Emotion swelled in me, and I almost began to cry. All that I had ever held inside of me came gushing out -- all the self-loathing, fear, dread, sadness, anger.

We talked and drove for hours.

I asked him how he could so easily accept me. After all, I was having trouble accepting myself.

You are still the same person, he said. Of course, he was right.

At about five o'clock in the morning, we were finally exhausted from talking. We went into a donut shop. I drank a cup of tea; he played an arcade game -- sports, of course.

As the sun finally came up, we got back into his car and continued driving. We had done most of our talking by then and were exhausted.

The only part of my confession that he couldn't understand was why I had kept it from him for so long. He was hurt that I didn't trust him enough to tell him the truth earlier.

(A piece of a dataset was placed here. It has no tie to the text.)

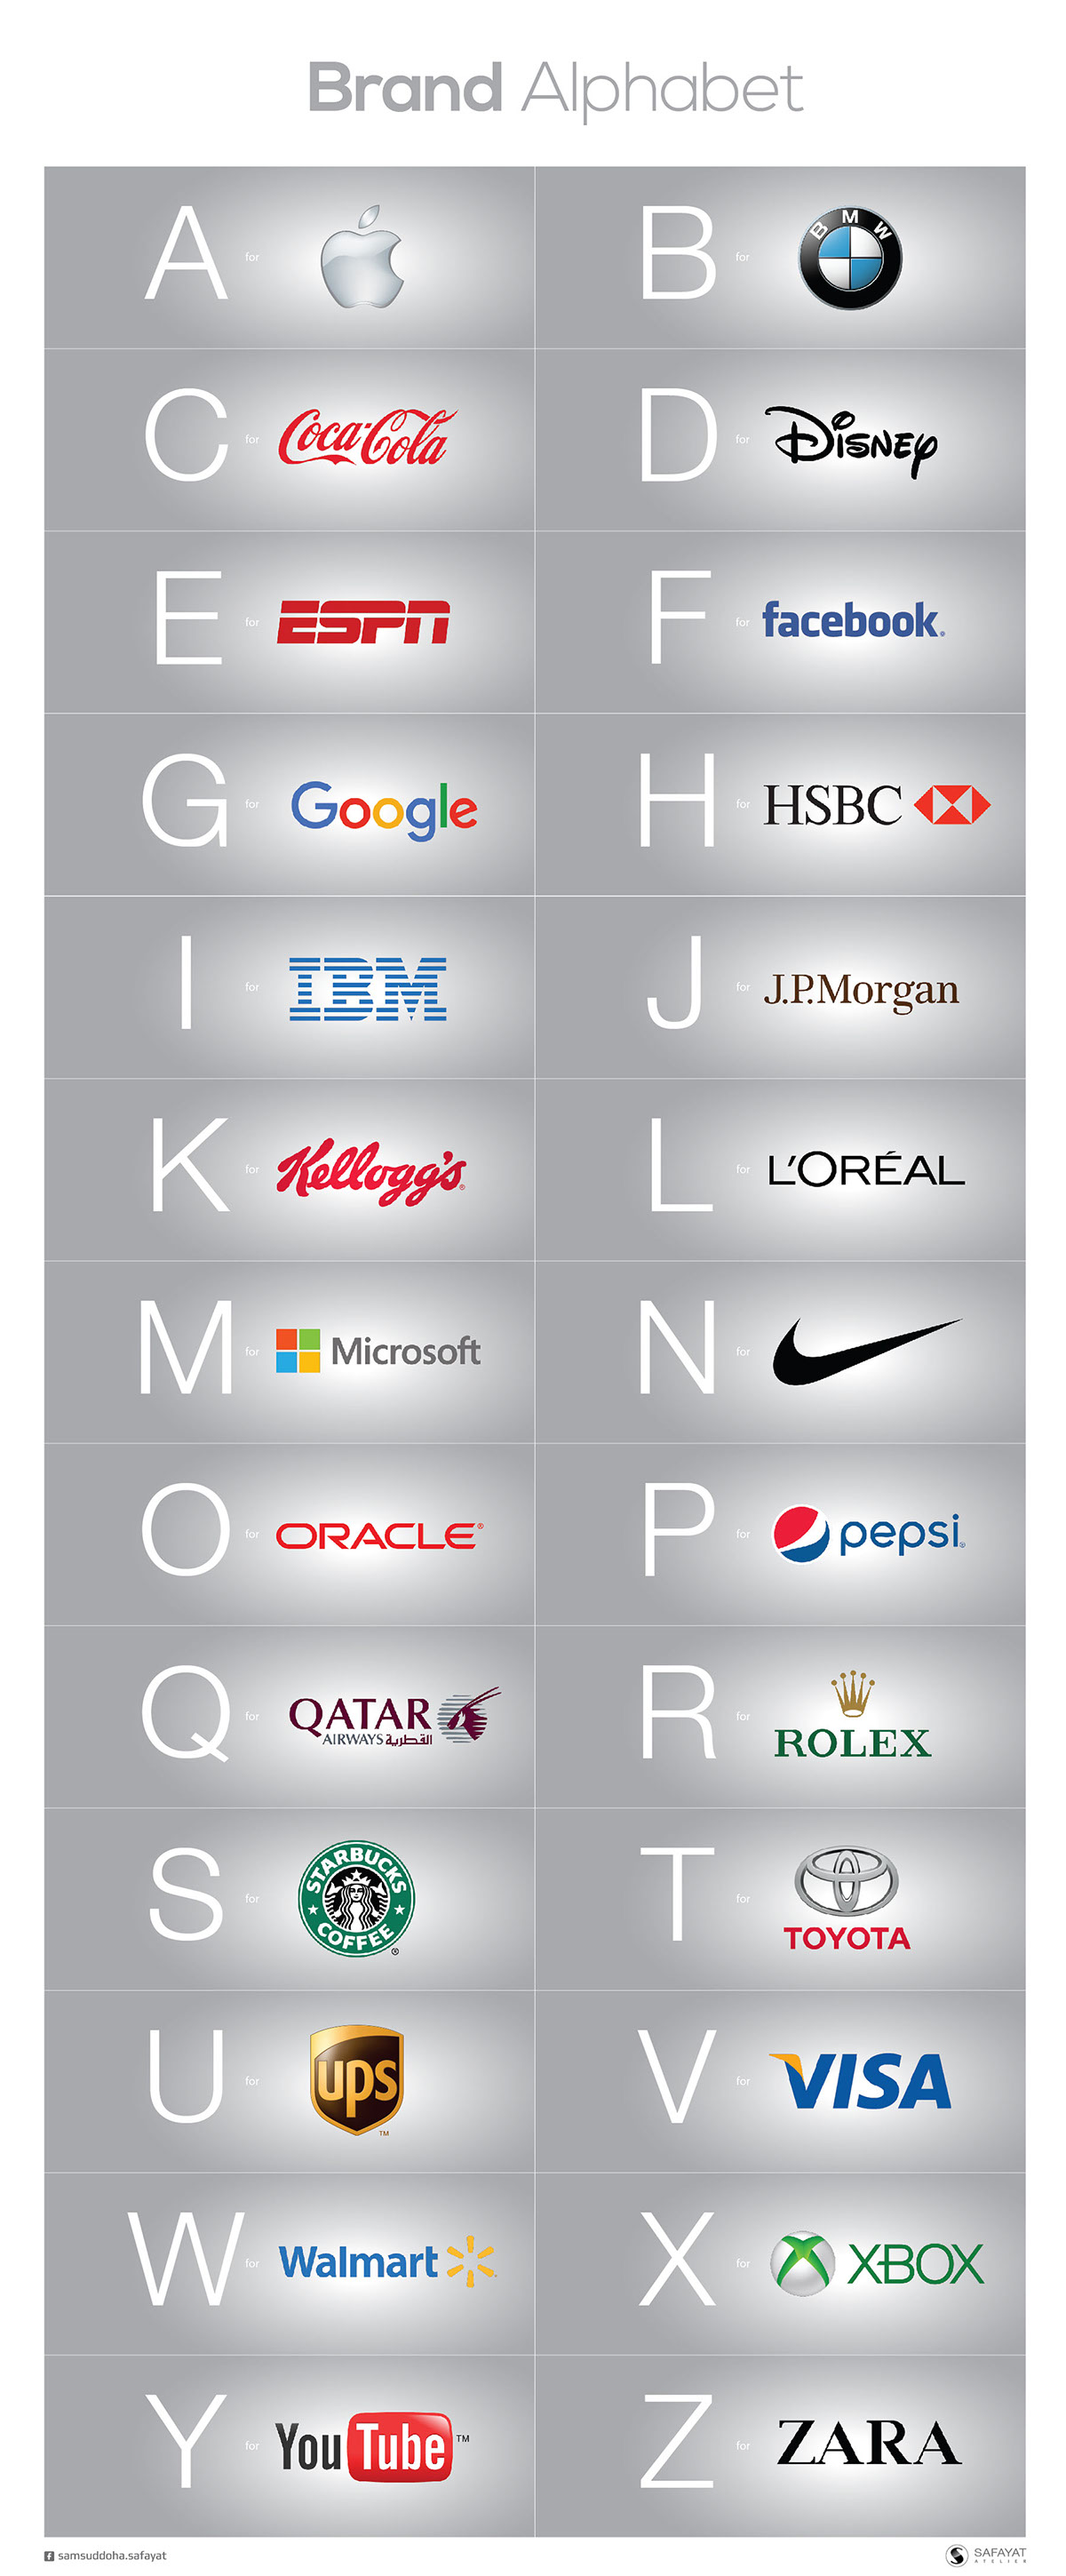 Brand Alphabet brand logo Icon brand identity brand communication

I asked him whether he would have been able to accept me a few years ago if I had told him then. He bowed his head, and said no.

Despite my fears, and thanks to my friend's understanding and love, we have grown even closer than before -- inseparable, in fact.

For the first time, we are completely honest with each other and keep no secrets.

For the fist time, I feel loved and accepted for all of who I am.

For the first time, we have begun to talk openly about relationships and sex.

For the first time, I have learned to accept myself, because of his acceptance of me.

And for the first time -- I am finally at piece.